Cresci ouvindo que “o trabalho enobrece o homem”. Meu pai, a quem devo muito dos meus valores, repetia insistentemente esta frase, mesmo que eu tivesse apenas 14 anos e estivesse longe de ser um adulto que dependesse do trabalho. Este valor, porém, ficou fortemente gravado na prática. Nesta idade, já trabalhava com ele durante o verão para ganhar um “troquinho”. Ele foi justo e remunerou-me adequadamente. Enquanto meus amigos iam para a piscina do clube curtir o verão, eu e meu irmão ralávamos carregando caixas de bebida. Ao final do mês, porém, tínhamos um bom dinheiro para fazermos o que quiséssemos com ele. Isso se repetiu por, no mínimo, três anos seguidos.
Aprendi, assim, na minha adolescência, e comprovei logo no início da minha vida adulta, que trabalho não traz apenas dinheiro, mas uma satisfação muito forte. Um senso de realização magnífico. Sigmund Freud escreveu: “Para um homem ser feliz, basta trabalho e amor”. Claro que estamos falando de um trabalho que nos estimula, que nos dá prazer. Quando assim o for, é fonte de felicidade. Mais que importante e necessário, ele é um pilar das nossas vidas. E me refiro a qualquer tipo de trabalho, desde aquele realizado por uma dona de casa, de um funcionário de uma empresa, de um profissional autônomo, de alguém que presta serviços comunitários, etc. Trabalho que, de alguma forma, traz uma satisfação para quem o realiza.
Preocupa-me, porém, quando vejo pessoas que levam a questão do trabalho tão a fundo que esquecem o outro lado da frase de Freud. Segundo ele, e conforme vejo e já experimentei, é preciso também amor. Aqui me atrevo a qualificar amor como amor por uma companheira, aos filhos, a si próprio, a saúde, ao próximo, a vida. Qualquer forma de amor que possa contrabalançar a dedicação e a energia que o trabalho nos exige.

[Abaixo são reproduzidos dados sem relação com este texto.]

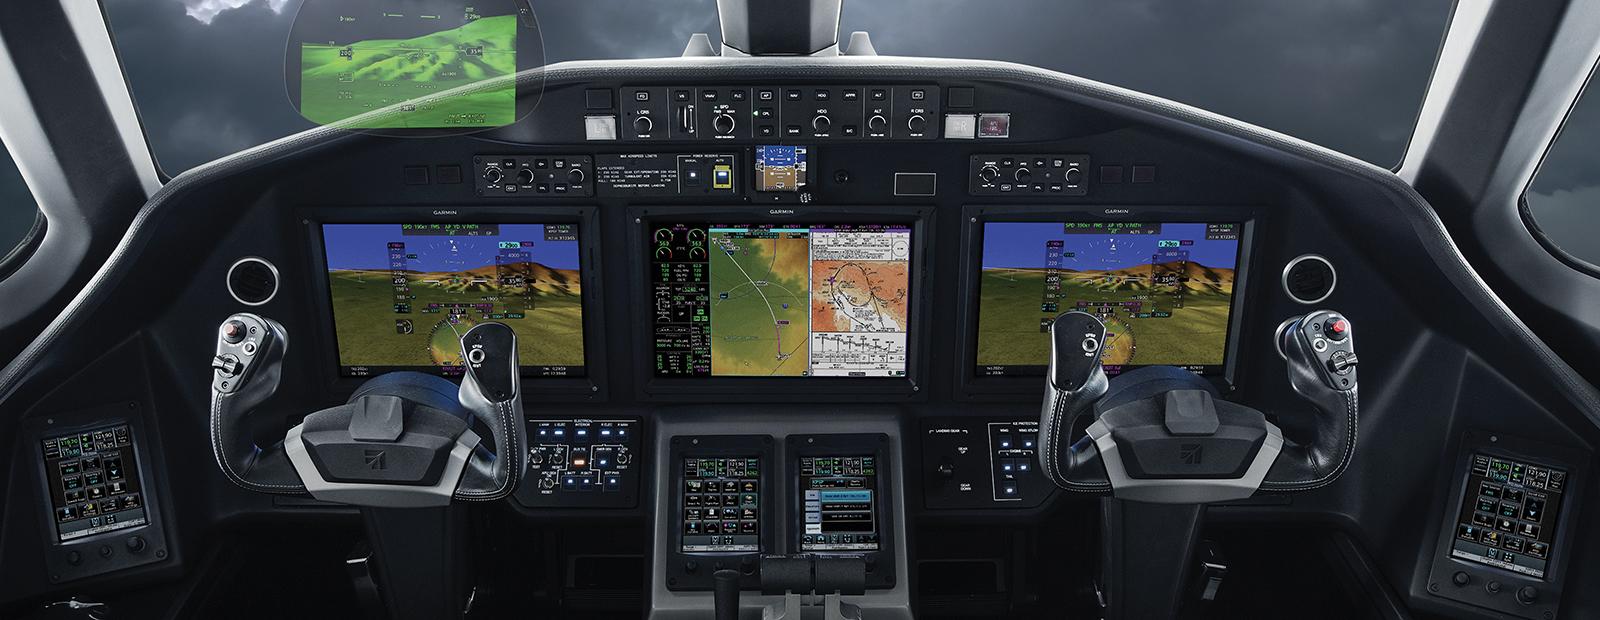 Flight Decks and Displays | Garmin
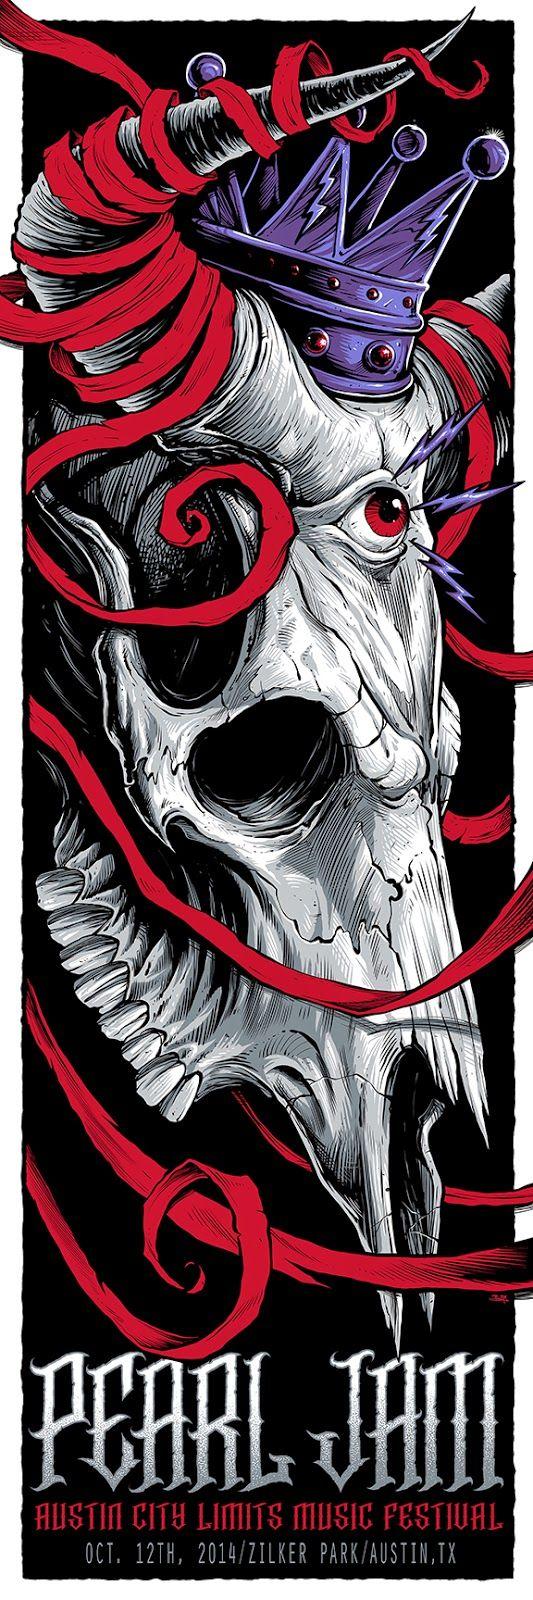 INSIDE THE ROCK POSTER FRAME BLOG: Pearl Jam Brandon Heart Austin City Limits Poster AP Sale & F4Dreams Poster Sale

Ninguém questiona a importância de atividades físicas nas nossas vidas. Correr, caminhar, pedalar, malhar ou jogar qualquer partida, comprovadamente, trazem benefícios para a nossa saúde e o corpo agradece. Passar dos limites nestas atividades, porém, treinando exaustivamente todos os dias, nos leva a entrar num processo de “overtraining”. Neste estágio, aquilo que deveria ser benéfico passa a ser um malefício. O saldo de energia tende ao negativo e o esporte deixa de ser algo saudável, mesmo parecendo que ainda nos mantêm felizes.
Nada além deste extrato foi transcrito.